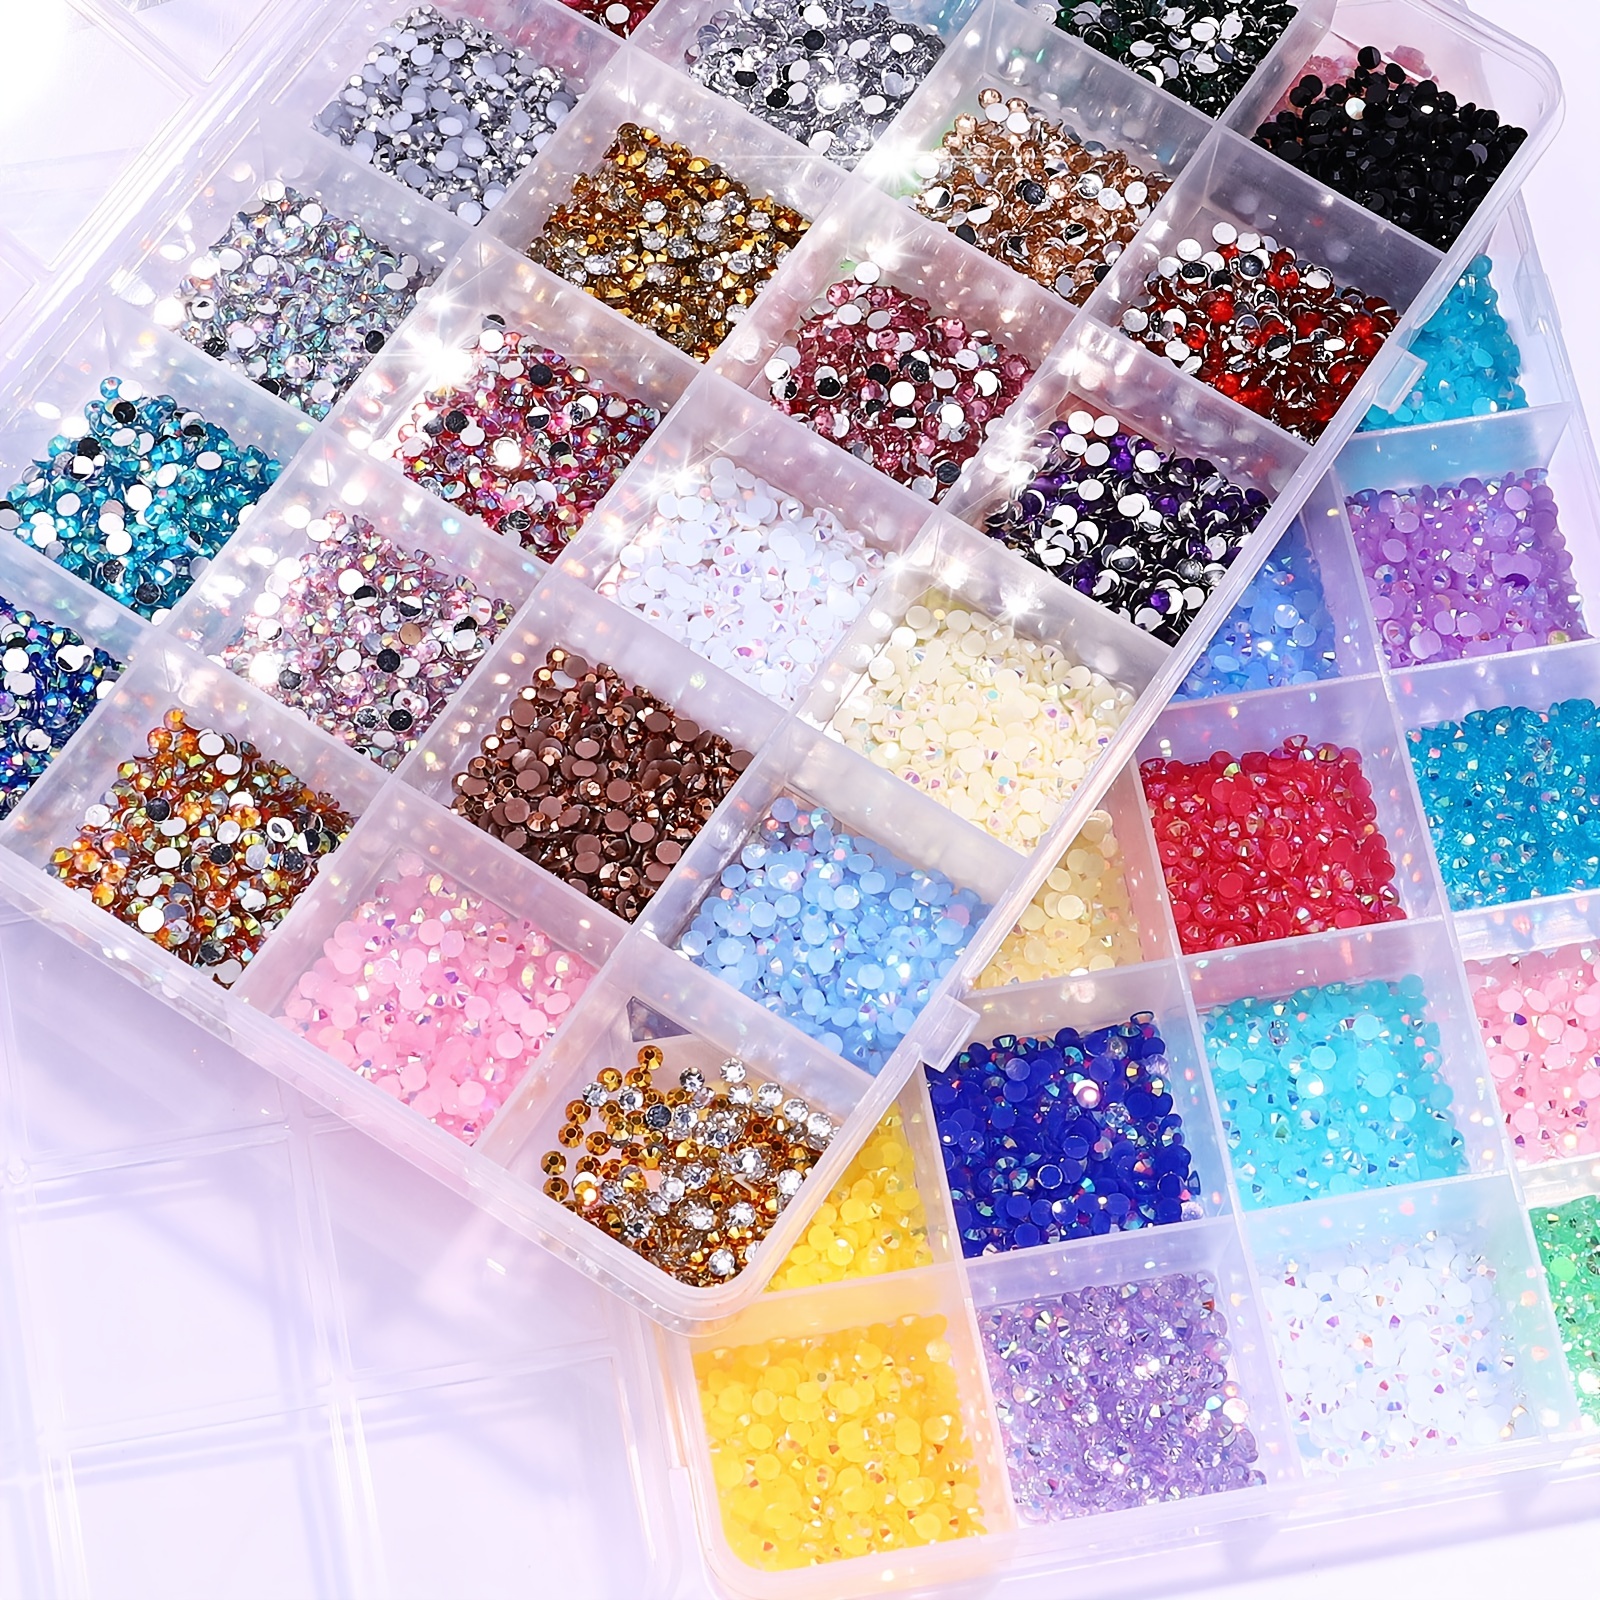 3mm Clear AB Crystal Rhinestones Set Round Resin Flatback Colorful Glitter  Gems Nail Accessories DIY 3D Nail Art Decorations
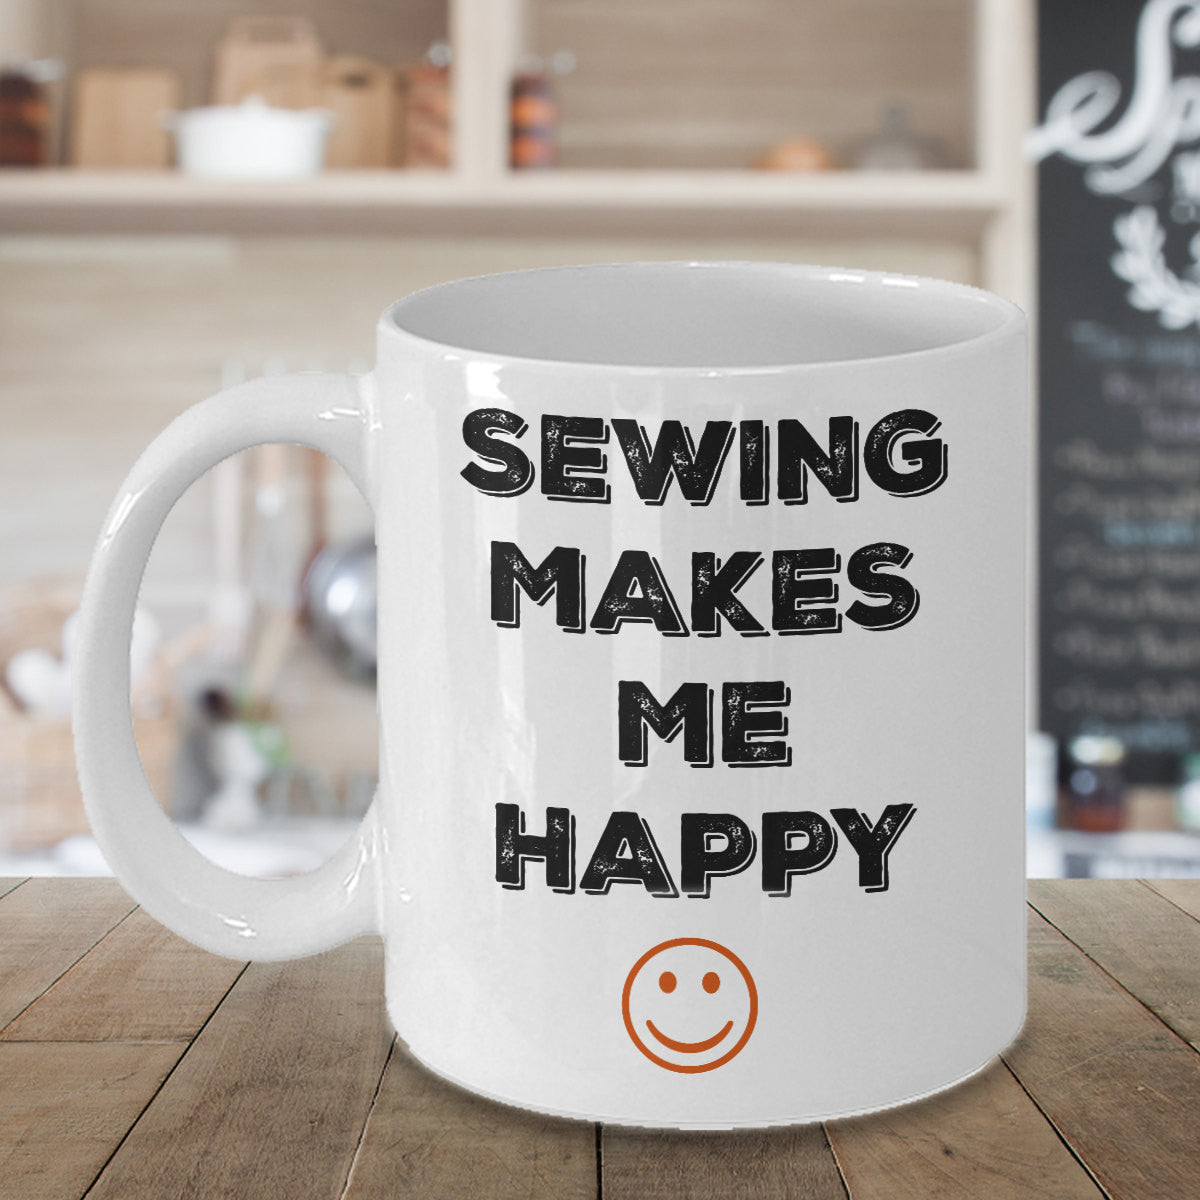 Sewing Makes Me Happy Novelty Coffee Mug Sentiment Gifts Holidays Fun Inexpensive Sewing Gift
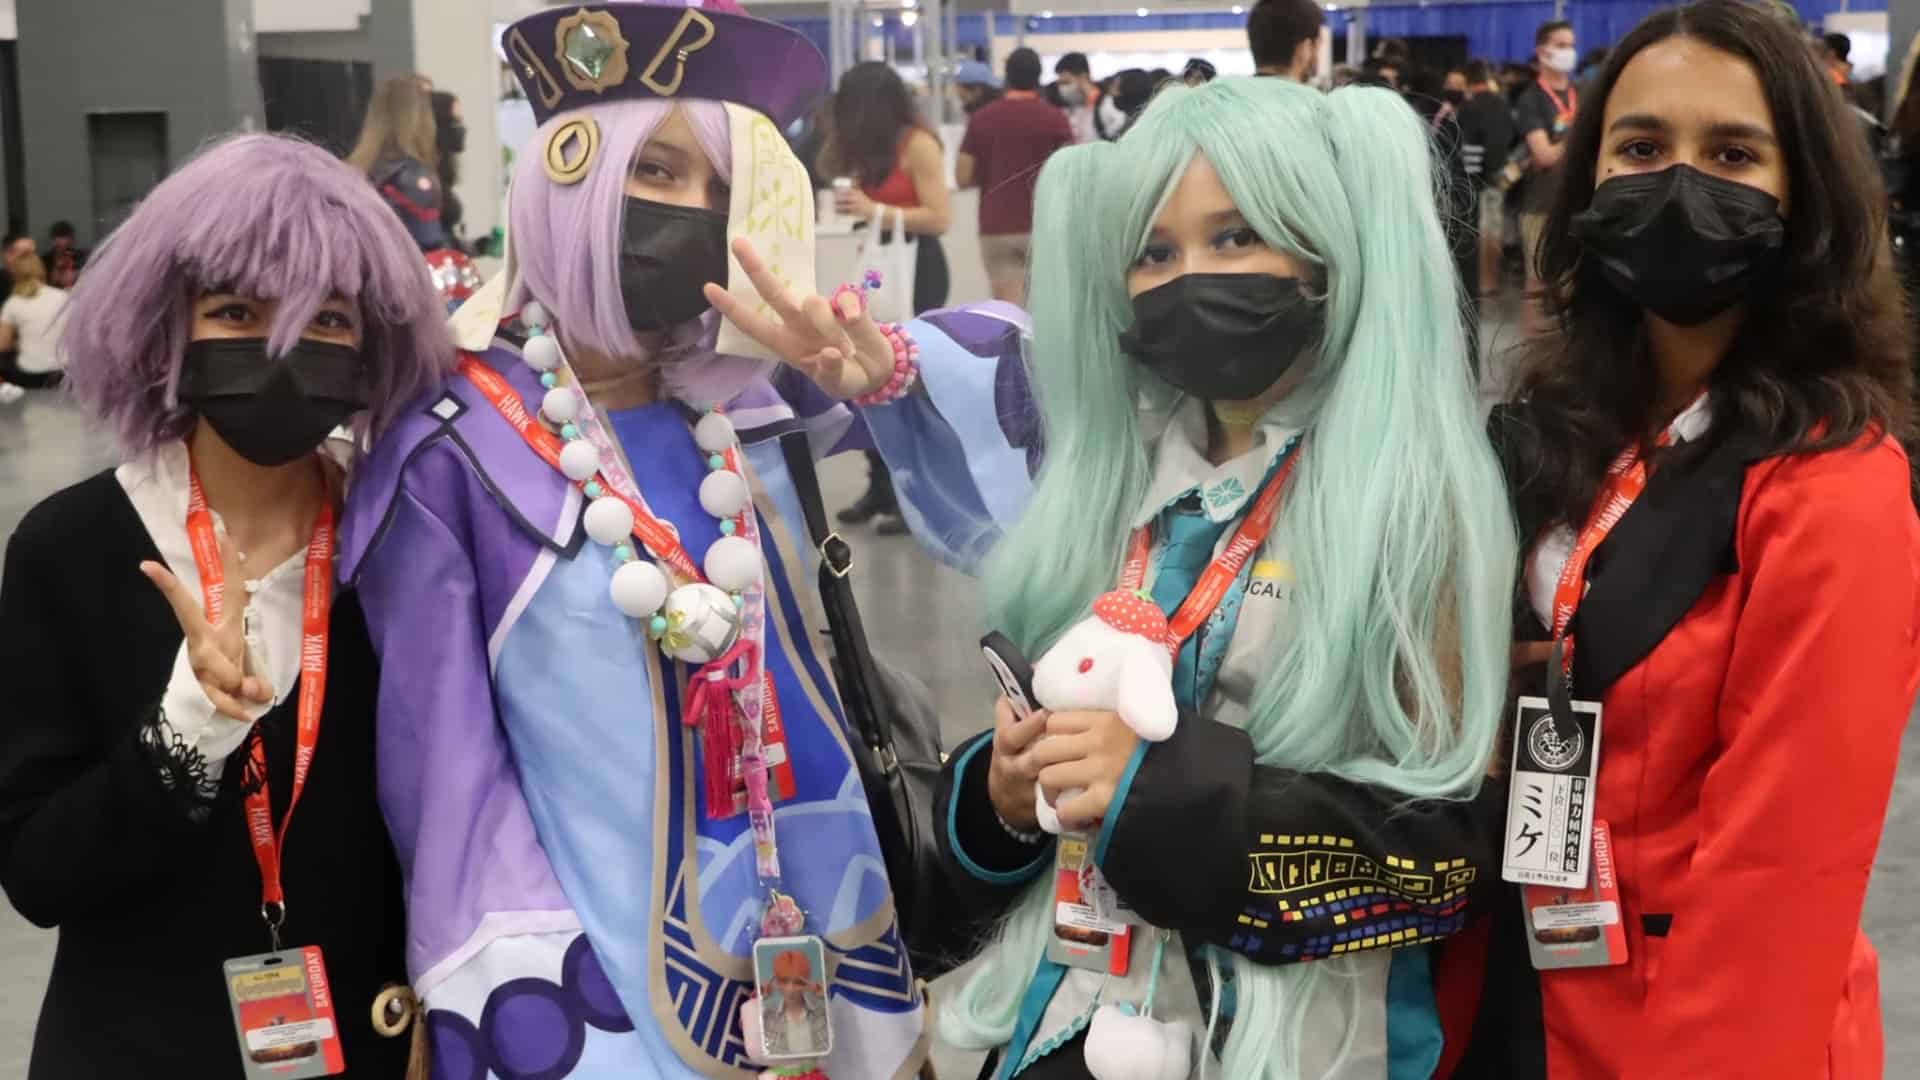 Anime Convention comes to St. Pete - That's So Tampa

EXERCISE GOAL
What you output must match the data exactly, apart from the pictures, which are left out.

THE COMPLETED TASK
 3mm Clear AB Crystal Rhinestones Set Round Resin Flatback Colorful Glitter  Gems Nail Accessories DIY 3D Nail Art Decorations
 Sewing Makes Me Happy Novelty Coffee Mug Sentiment Gifts Holidays Fun Inexpensive Sewing Gift
 Anime Convention comes to St. Pete - That's So Tampa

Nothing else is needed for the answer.